When rain falls on the marsh these minerals are washed into the water column where they may cause algal and bacterial overproduction. In a normal salt marsh such as Nauset Marsh or Blackfish Creek, daily tidal flushing of the marsh peats removes or chemically buffers (neutralizes) much of the available nitrogen and phosphorus.
Describe the comparative value of salt vs. fresh water marshes:
Both salt and fresh water marshes support unique ecosystems and add to the biodiversity of Cape Cod. Salt water marshes also act as nurseries for a wide variety of salt and brackish-water species, providing shelter and feeding grounds.
Geologically, they protect inland areas by absorbing the energy of storm waves as they approach the shore, reducing inland erosion and trapping sediment.
Hydrologically, all marshes are groundwater discharge areas that ultimately return rainwater to the sea. When considering the Herring River system, it is important to realize that its lowland regions are not functioning as a normal and healthy freshwater marsh even above the limited influx of salt water.
The upper reaches of the Herring River, for example Bound Brook and most of Duck Harbor, would now be a healthy freshwater marsh environment if not for the lowering of the regional water table which occurred after diking and was accelerated by the channelization, ditching and drainage of the upper marsh.
Even if the dike had never been built, these upper marshes would have continued to freshen after the natural closure of the inlets at Bound Brook and Duck Harbor. These areas will remain fresh even if the town ultimately decides to take management action and open the gates of the dike, due to their mean elevations and spatial distance upstream from the dike.
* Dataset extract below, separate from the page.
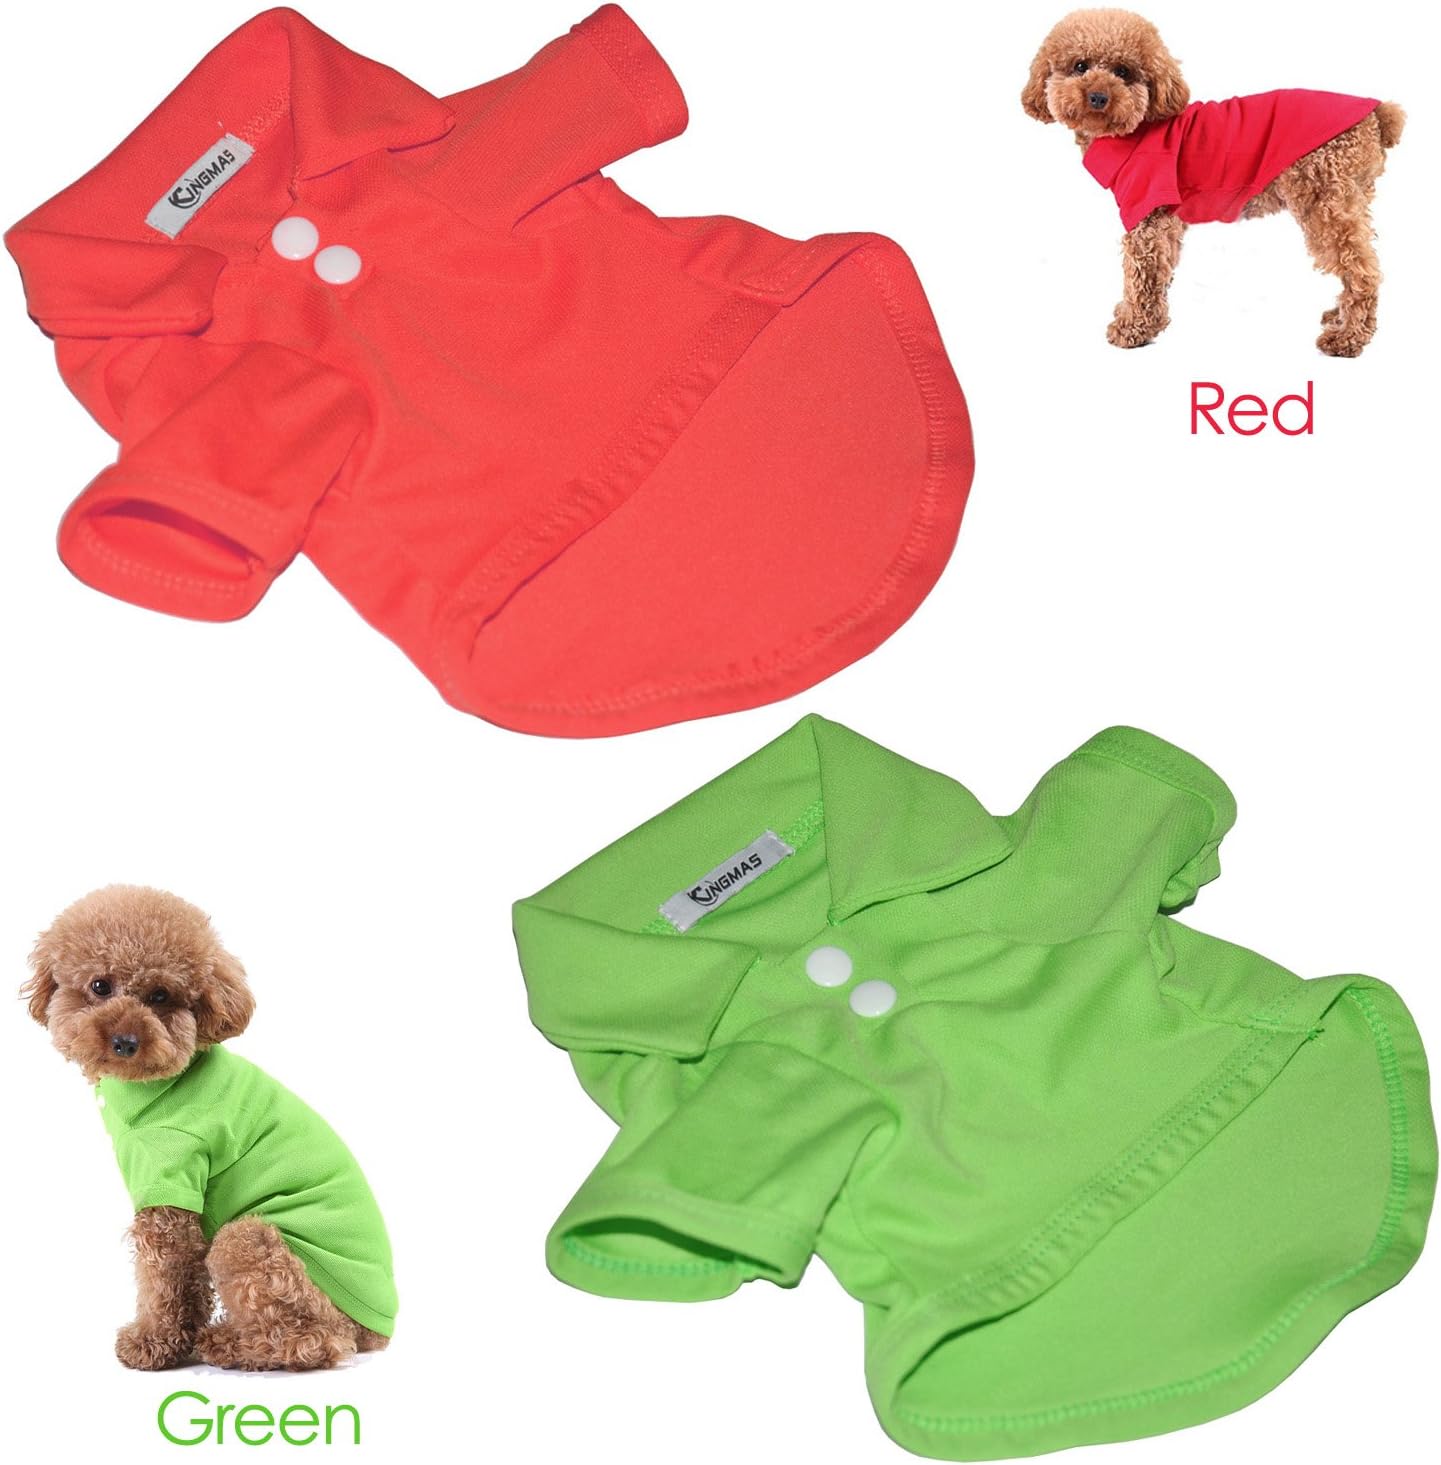 KINGMAS 4 Pieces Dog T-Shirt, Breathable Pet Shirts, Puppy Sweatshirt Dog Clothes Outfit Apparel Coats for Small Medium Dogs Cats (Blue, Green, Red, Orange) - Small

Reopening the dike would serve to raise the water table in the upper marshes, improving the health of the ecosystem, but would not cause the upper marsh to return to a salt marsh environment.
The Herring River, before diking, was more than just a salt marsh—it was a complex system grading from estuary to salt marshes and brackish-to-fresh water marshes. The lower reaches of the system were estuarine. Unaltered estuaries are the single most productive environments on the planet in terms of biomass.
Expanding the size of the estuary, which currently is restricted to the Harbor area adjacent to the dike, will increase the productivity of the many species that rely on this environment for spawning and nursery grounds.
In the last few decades, recognition of the economic and environmental importance of estuaries and their associated salt marsh communities has spawned global restoration efforts to remediate these heavily impacted ecosystems. Wellfleet is not alone in its position as a community investigating the health of its wetland environments.
Did You Know?
The word “cranberry” originated as a contraction of crane berry, a name given to the plant by early settlers because the flower resembles the head of a crane.